Maria Ximena Torres Carrera (born 1 December 1981) is a Uruguayan chef, restaurateur, businesswoman and television personality. She has presented on different cooking shows, and has served as a judge on MasterChef Uruguay and its spin-offs since 2019.

== Early life and education ==
Maria Ximena Torres Carrera was born in Montevideo on 1 December 1981, the daughter of Montserrat Carrera and Marco Antonio Torres. She has two sisters, Carolina and Rossana. She is of Catalan and Chilean descent. Her maternal grandparents immigrated to Uruguay in 1950 from Sant Joan Despí, Catalonia, Spain, and founded the renowned Confitería Carrera food business. Raised in the Pocitos barrio, Torres attended Queen's School and the Montevideo Pre-University Institute (PREU).

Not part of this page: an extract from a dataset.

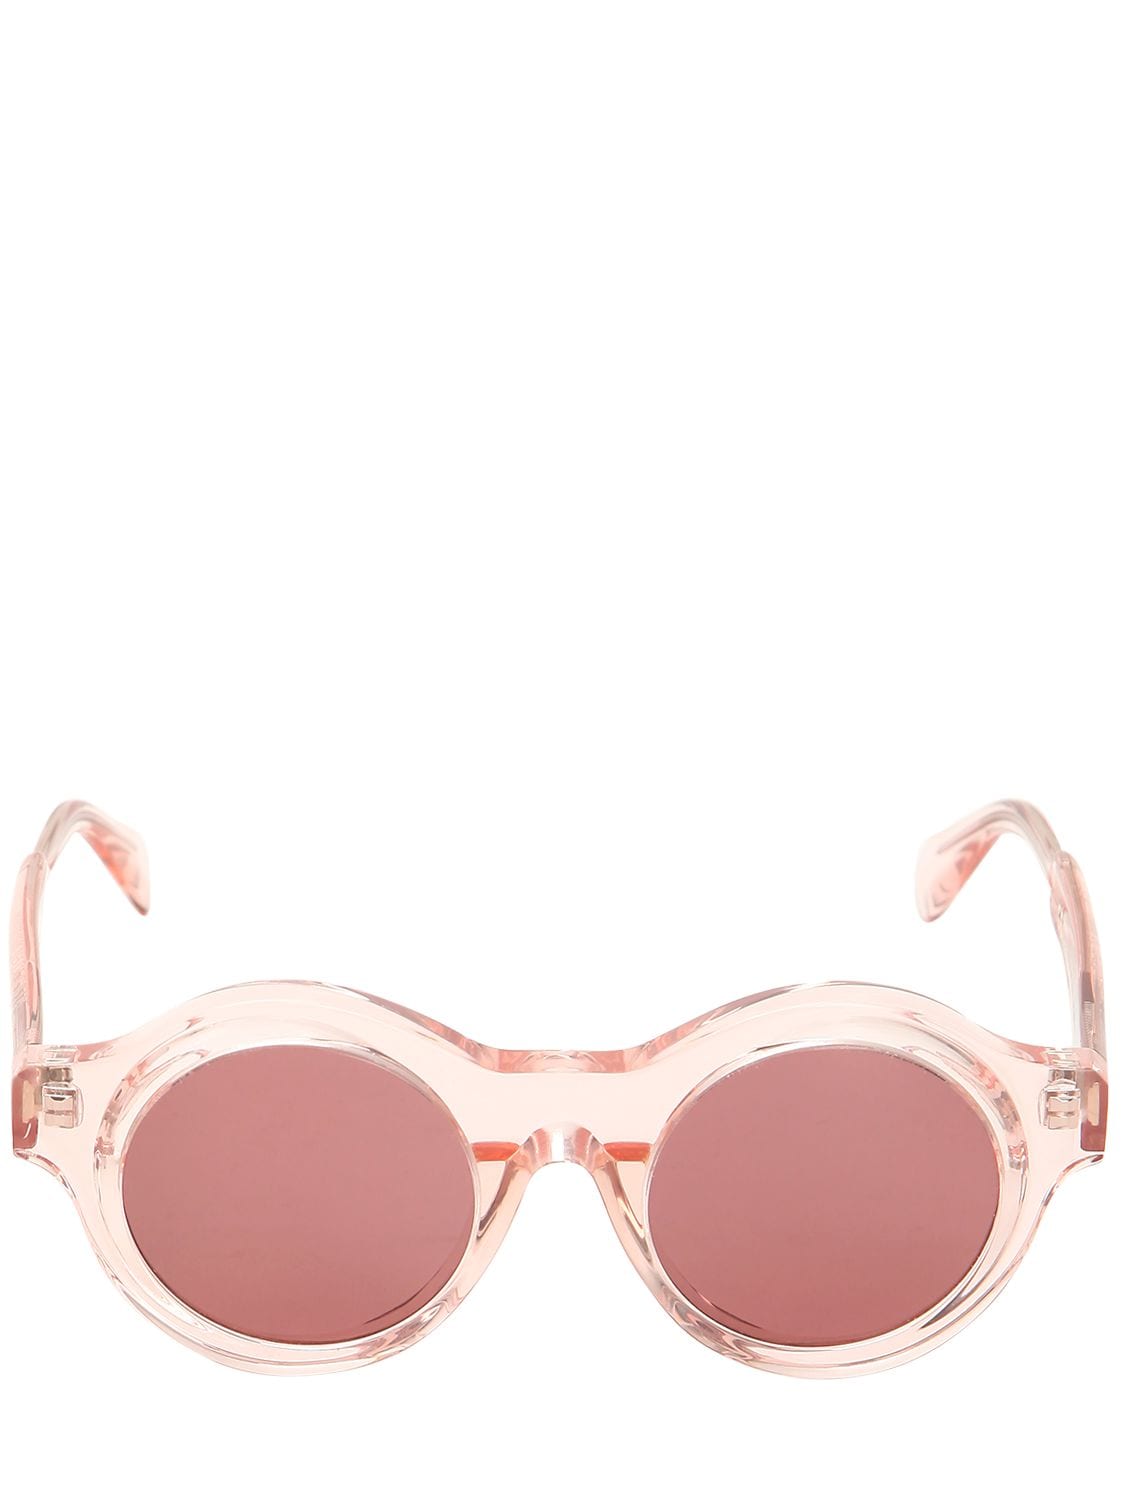 Kuboraum Berlin Round Pink Sunglasses In Light Pink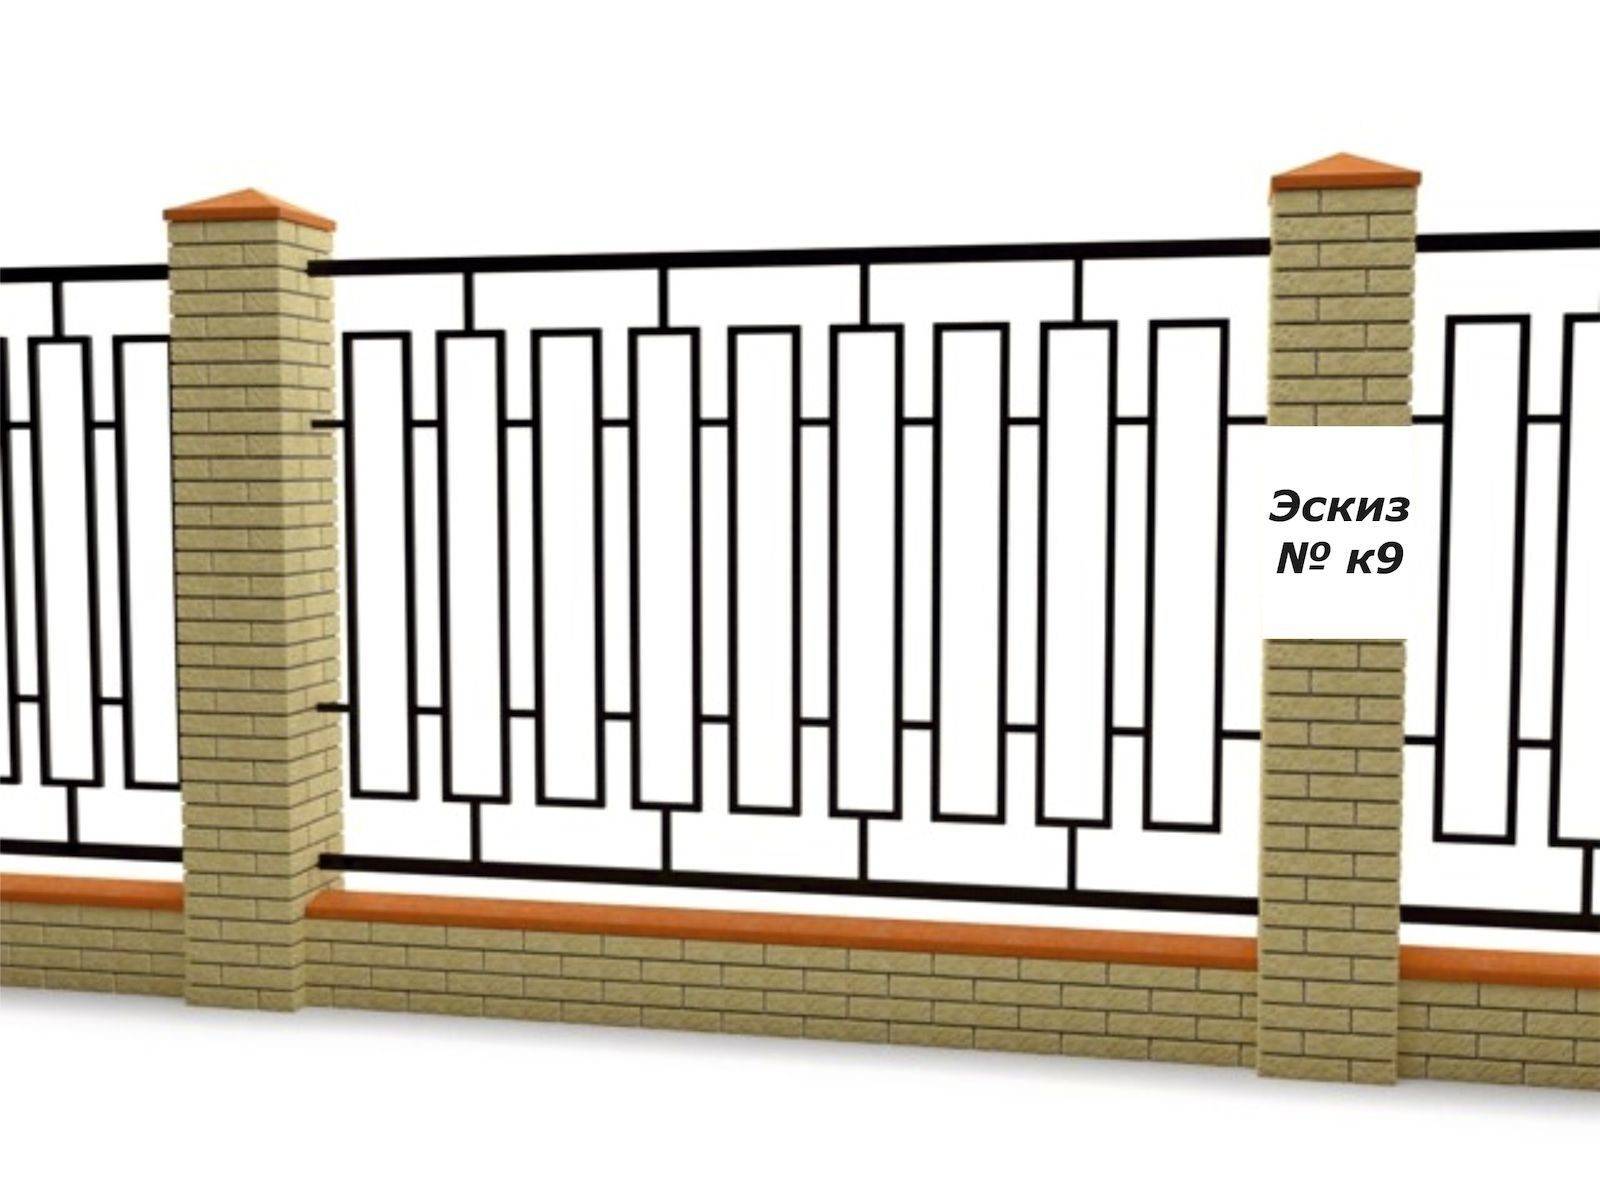 Как построить кирпичный забор своими руками, правила заливки фундамента, особенности кирпичной кладки для забора, защита кирпичного забора от влаги.

Torres earned a degree in communication studies with a specialization as a publicist from the Catholic University of Uruguay. In 2003 she was awarded a scholarship to study fine arts at Valdosta State University, Georgia. She subsequently graduated as a sommelier from the University of the Republic, as a member of the first generation in 2007. That year she settled for a season in Vic, Barcelona, where she took courses to become a professional in chocolate skills.

== Career ==

=== Culinary career ===
Torres began working professionally in gastronomy in 2000 and in catering in 2003. In 2012 she opened La Dulcería de Xime, a pastry shop and cafeteria located in the Punta Carretas barrio. In subsequent years it expanded to different points in Montevideo and throughout Uruguay.

=== Television and media career ===
In 2010 she made her debut on television, as the presenter of the culinary segment of the Teledoce morning show, Día perfecto. The following year, her segment became the daily program La Receta Perfecta, in which Torres cooked different dishes accompanied by guests and two puppet characters making fun of different situations. The show was on the air until 2014, when she decided to step away from television.

In 2015, she published Comer y reír: manual para acercarse a la cocina con alegría, a book she co-authored with the presenter and comedian Manuela da Silveira, and in which they presented different tips and culinary proposals. In 2017 she returned to the media, as co-host of the TV Ciudad cooking show, La vuelta al plato. Broadcast for three seasons until 2019, the program consisted of making dishes from different parts of the world while learning about their history and their relationship with cultures.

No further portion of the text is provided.